1.4.2. Institutions According to this perspective, economists analyze societies focusing on the way in which they are organized. Some are better organized to uphold the rule of law, promote investment in mechanization, human capital, and better technologies, facilitate broad citizen participation in economic and political life, and support market transactions (Acemoglu et al. 2006). In this way, the institutional framework configures a more or less adequate incentive system for accumulation. It is understood that this institutional framework would evolve path-dependently; that is, dependent on its own trajectory, with past institutions conditioning the evolution of subsequent reforms. This is how history conditions the form of the institutional structure of a society and, with it, its economic development. This is fundamental to understand the enormous dependence of the current economies on their past and legitimates an explanation of the current global economic distribution based on historical origins and path-dependent trajectories. In order to illustrate this explanation, it would be useful to recall the work of Acemoglu, Johnson and Robinson (2001). Following previous empirical studies that also dealt with the purely geographical explanation (Hall & Jones 1999; Sokoloff & Engerman 2000), they analyzed the case of colonized countries. They argued that the different development patterns across these nations were related to the form in which their colonization process took place and the original institutions that were established. In their approach, the mode of colonization laid the foundations of an initial institutional construction that would condition its evolution for centuries. They use as a reference the 23

settler mortality, mainly due to malaria and yellow fever. Those places with a high mortality—tropical zones, closer to the equator—dissuaded the colonizers from the idea of settling and they mainly established themselves in places with lesser pathological threat—temperate zones. The settlers demanded to the metropolis similar—civil, economic, and political—institutions to those they enjoyed in their places of origin. These institutions were much more inclusive than those established in the colonies where there was no settlement of this type. Where there were no settlements, they sat extractive institutions. The main objective of the extractive states was to transfer resources from the colonies to the colonizers. Based upon this perspective of path dependence, it is understood that the current institutional framework is—in an uncertain part—conditioned by those initial institutions of the colonial period. Tropical diseases prevented the settlement of population from the metropolis that could demand the rights of their places of origin and prevent the establishment of extractive institutions. In this explanation, geographic factors play a merely circumstantial role. However, empirically, a certain conditioning of geography in the economic destiny cannot be ruled out. A broad empirical scientific production supports this institutional hypothesis (Knack & Keefer 1995; Mauro 1995; Djankov et al. 2006; Rodrik et al. 2004). However, this narrative has been fundamentally focused on formal institutions, leaving aside the informal ones and especially has tended to take as a measure of institutional inclusiveness the protection of private property or the risk of expropriation in the countries.

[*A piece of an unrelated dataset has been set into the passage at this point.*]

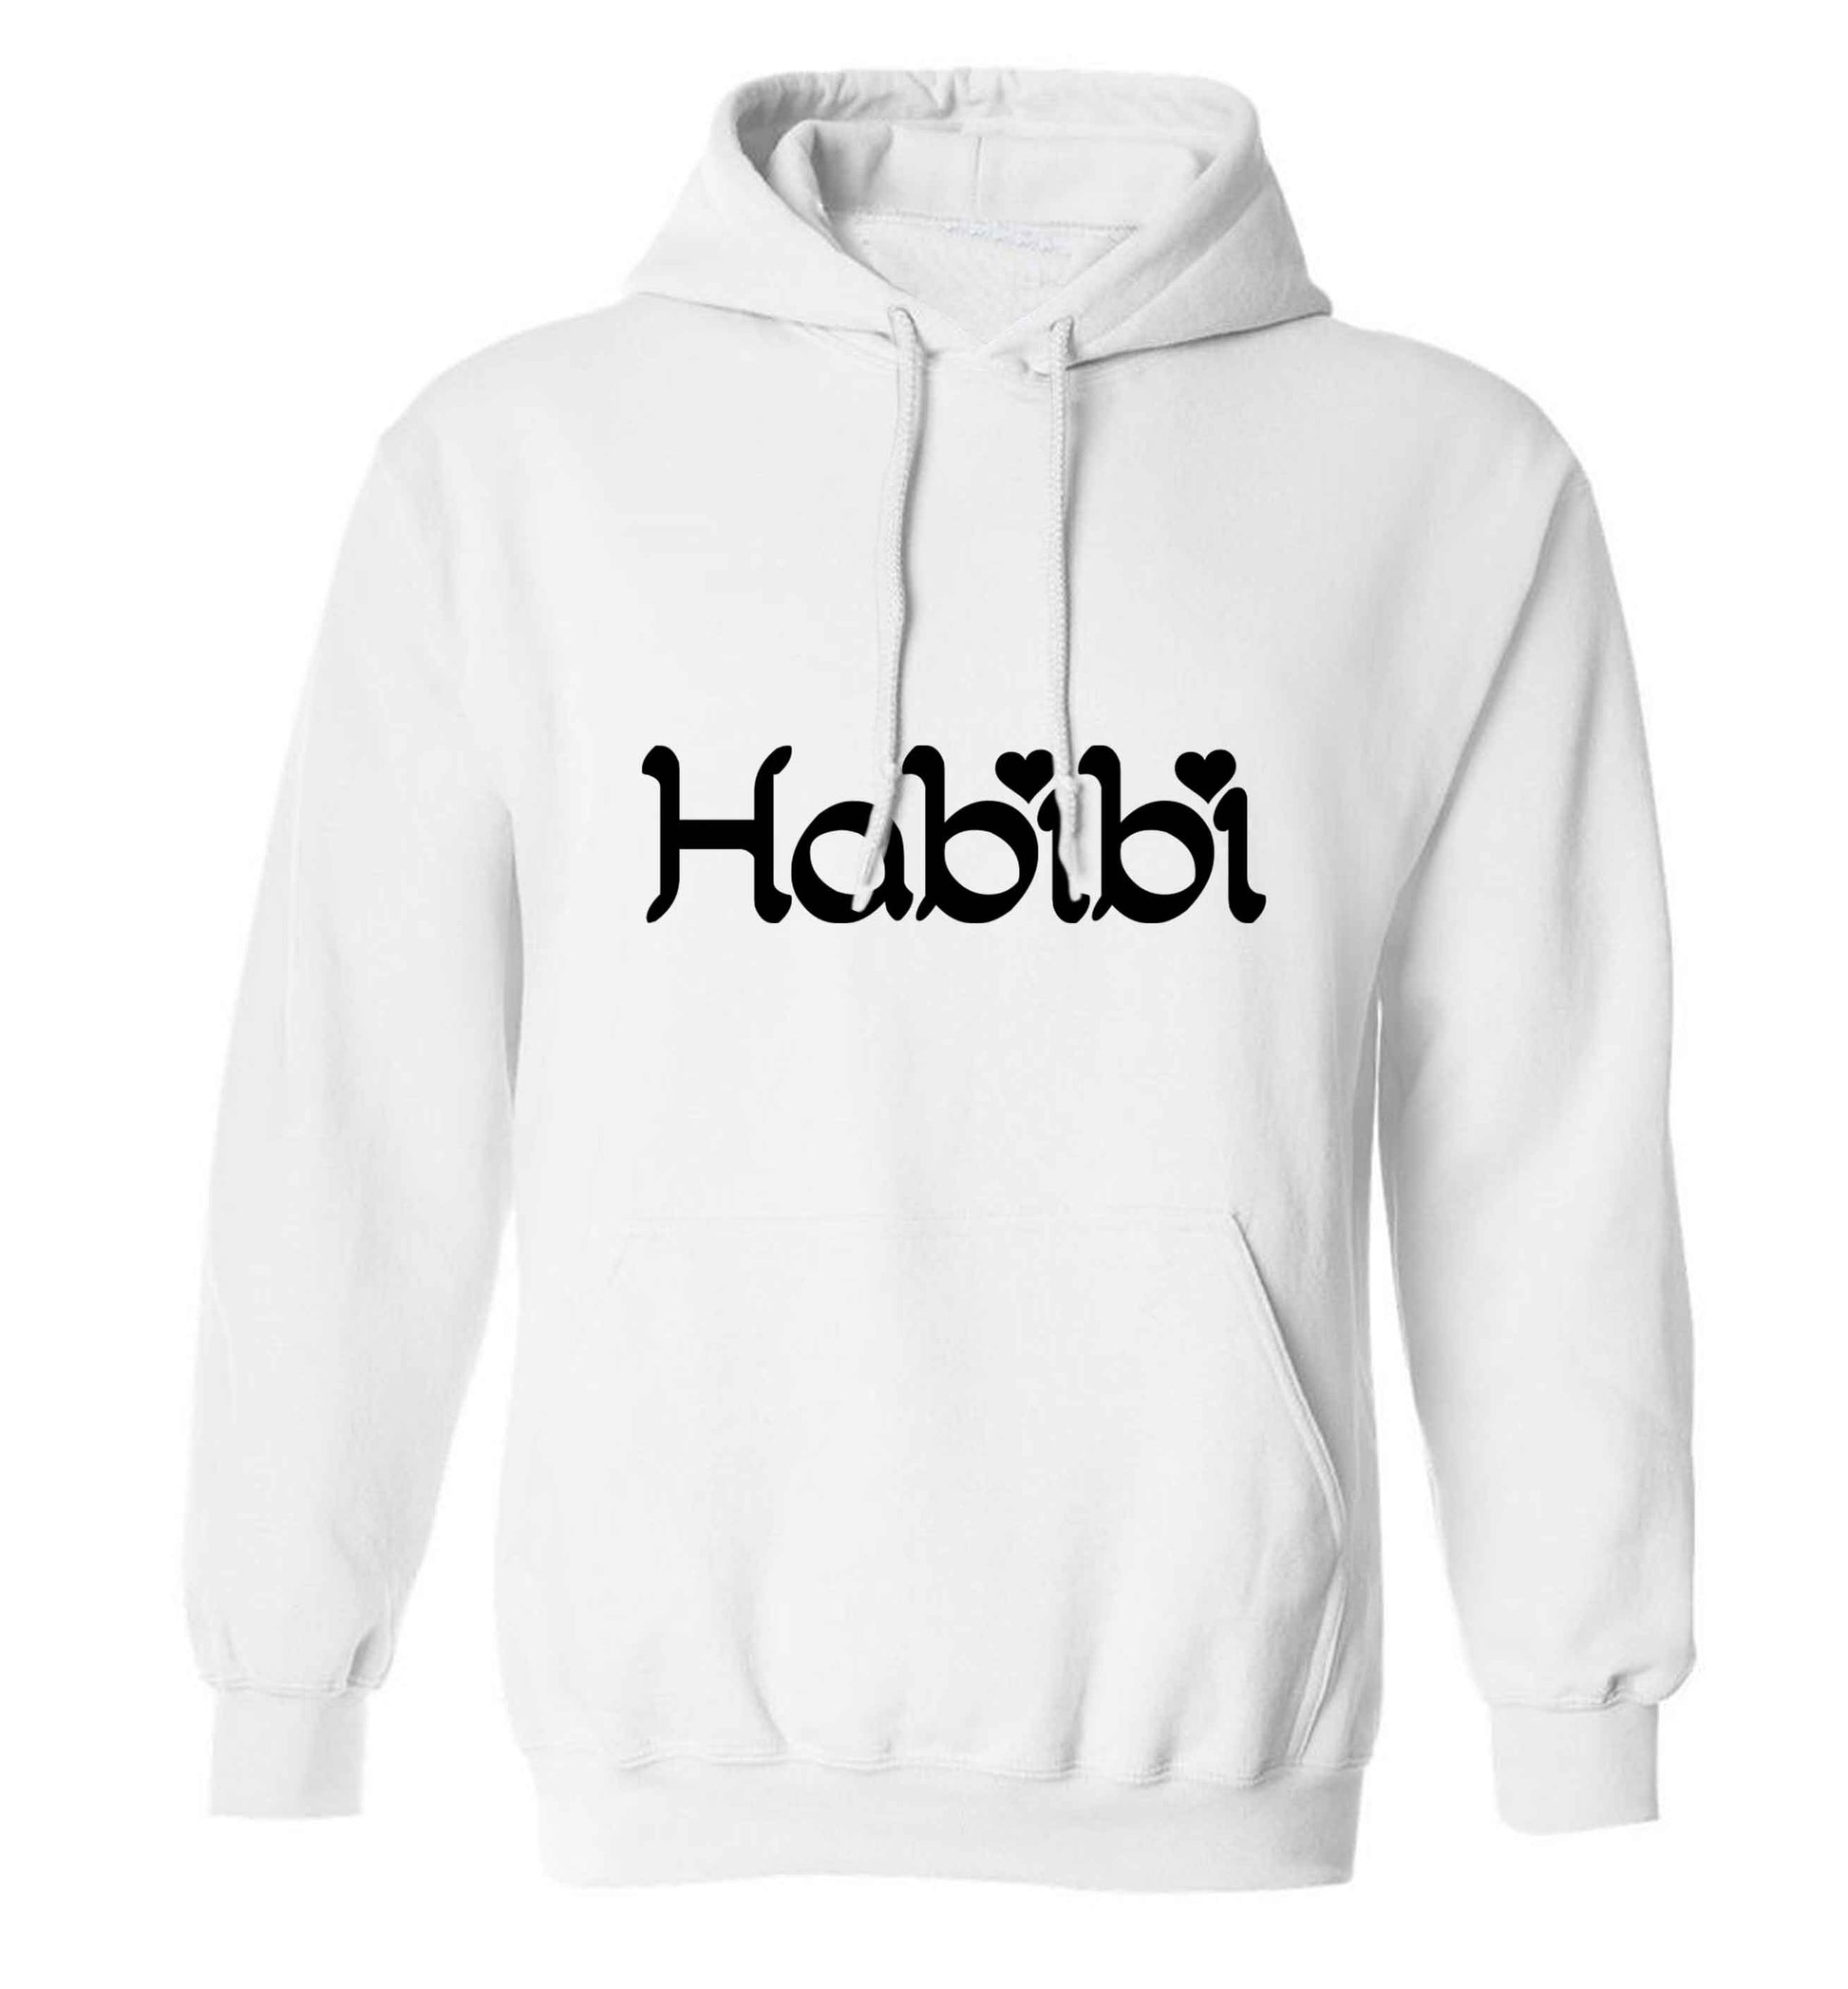 Habibi adults unisex white hoodie 2XL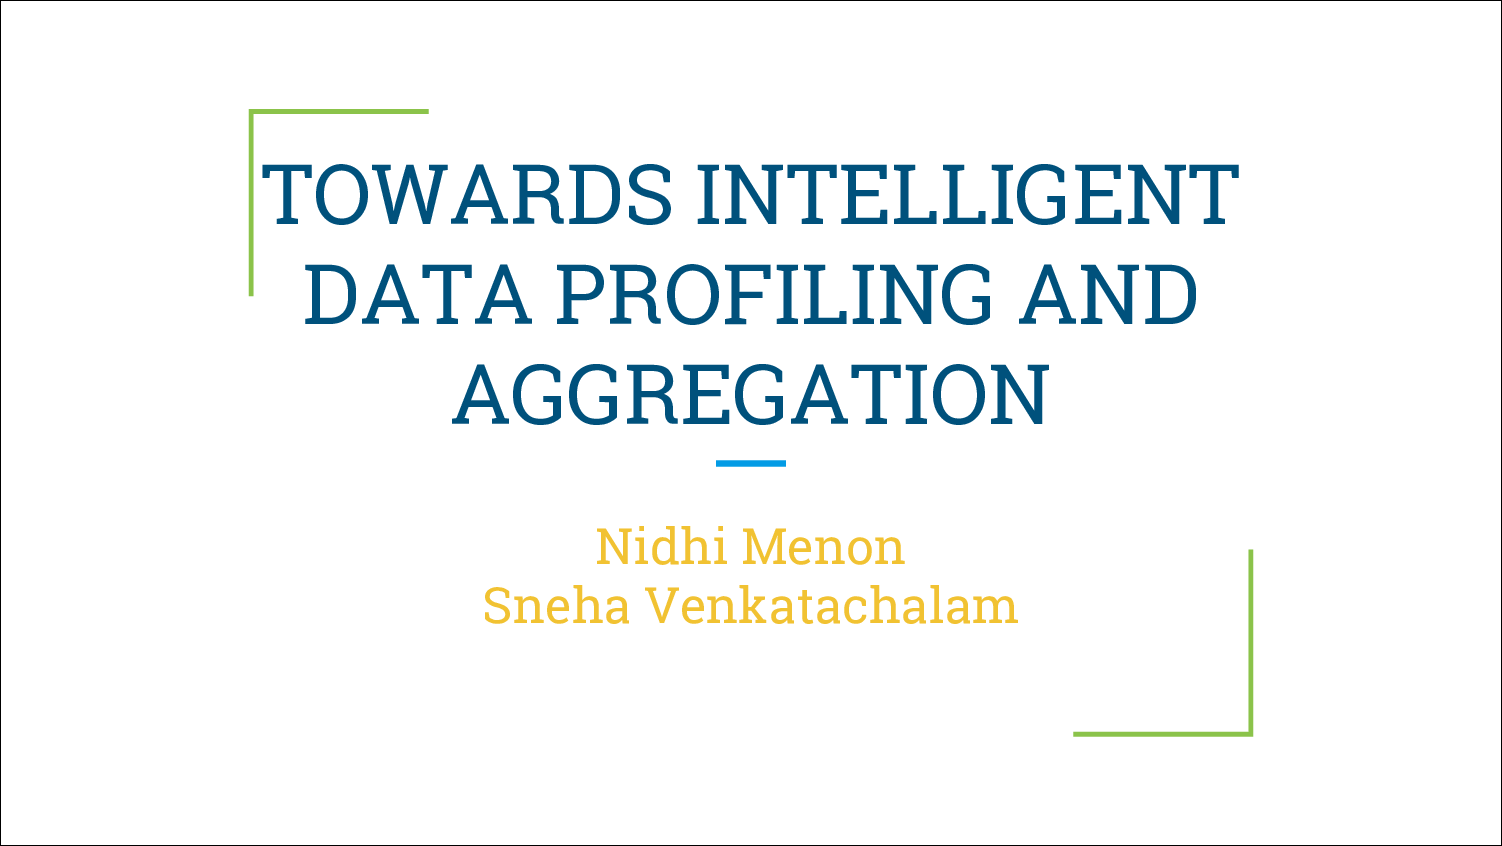 [PRESENTATION] Towards Intelligent Data Profiling and Aggregation

1.4.3. Culture However, formal institutions do not seem to be sufficient to fully explain political and economic performance; sometimes, not even their own persistence. Institutionalists themselves point out that informal institutions are of fundamental importance for economic destiny, but for operational reasons always end up focusing on formal institutions (North 1990b). When talking here about culture, I refer to informal institutions—social norms, traditions, etc.—plus something else: all the cultural beliefs, values, attitudes, etc.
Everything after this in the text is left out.